Christ on a crutch."

"What in hell is a bee?" Hal Preston asked.

"Come on, you know," Katya said. "There are hives of them out by the berry farms. Bees, you know, they fly and if you get too close to the hive they sting? You need them to fertilize fruit trees—"

"Here!" Edgar Sikes cut in impatiently. Among the holograms around Big Chaka appeared another: a Terrestrial flying insect as big as a dog. "Dr. Mubutu, you had to have some reason for calling them bees? And it sure wasn't the way they're built."

"No, it was the way they build," Big Chaka said. "Earthly bees make elaborate nests. They collect nectar from local plants and use it to make stuff they can store, They're stratified into castes, with a queen to lay all the eggs and drones to fertilize her and myriads of workers. Well, we know that these Avalon bees are stratified, though we don't have details yet. We've only studied the leaf-eating bees, but their nests are like underground cities. Edgar, they even have the bee trick of using antibiotics. Do you remember that?"

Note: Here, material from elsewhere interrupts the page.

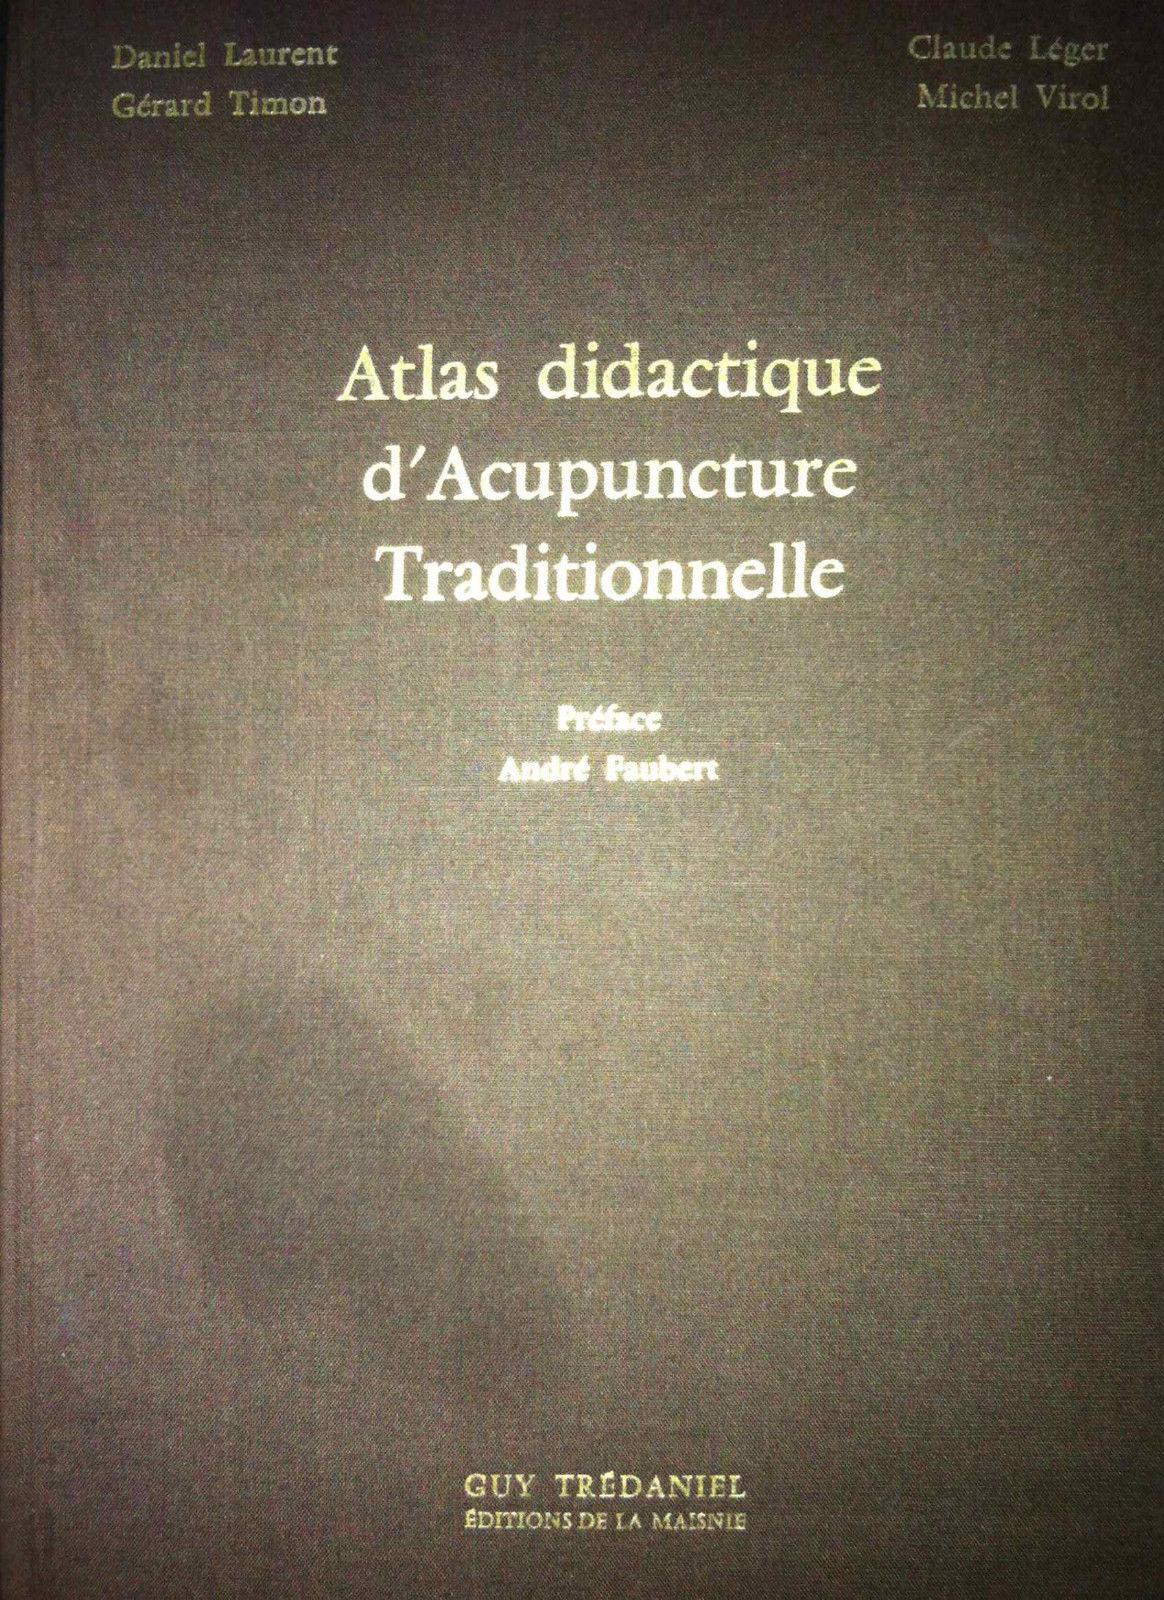 Atlas didactique d'acupuncture traditionnelle

Trish touched Edgar's elbow; he bit back a venomous answer. " ‘Fraid not. Doctor."

"Honey would rot if bees couldn't mix the nectar with an antibiotic. Some Terrestrial bees even make their honey from carrion. Most Avalon bees make their honey from leaves, but they have their own antibiotic, and again, they can use it to preserve meat."

Edgar sat down abruptly. He looked gray. He'd be seeing the same images that were running behind Justin's own eyes. Linda Weyland and Joe Sikes thrashing within a dark fog; red-and-white bones falling to the ground; a fading buzz-saw sound as the black fog blows clear. Ten thousand flecks of human flesh flow into the ground to become dark incorruptible pools of viscous fluid...

Whispered conversations buzzed around him. Justin noticed Jessica staring at the holograms, frowning at what she had heard. Then, tentatively, she raised her hand. "Chaka. If we assume that the bees have been around for, say, a million years... mightn't that explain what happened to our mining apparatus?"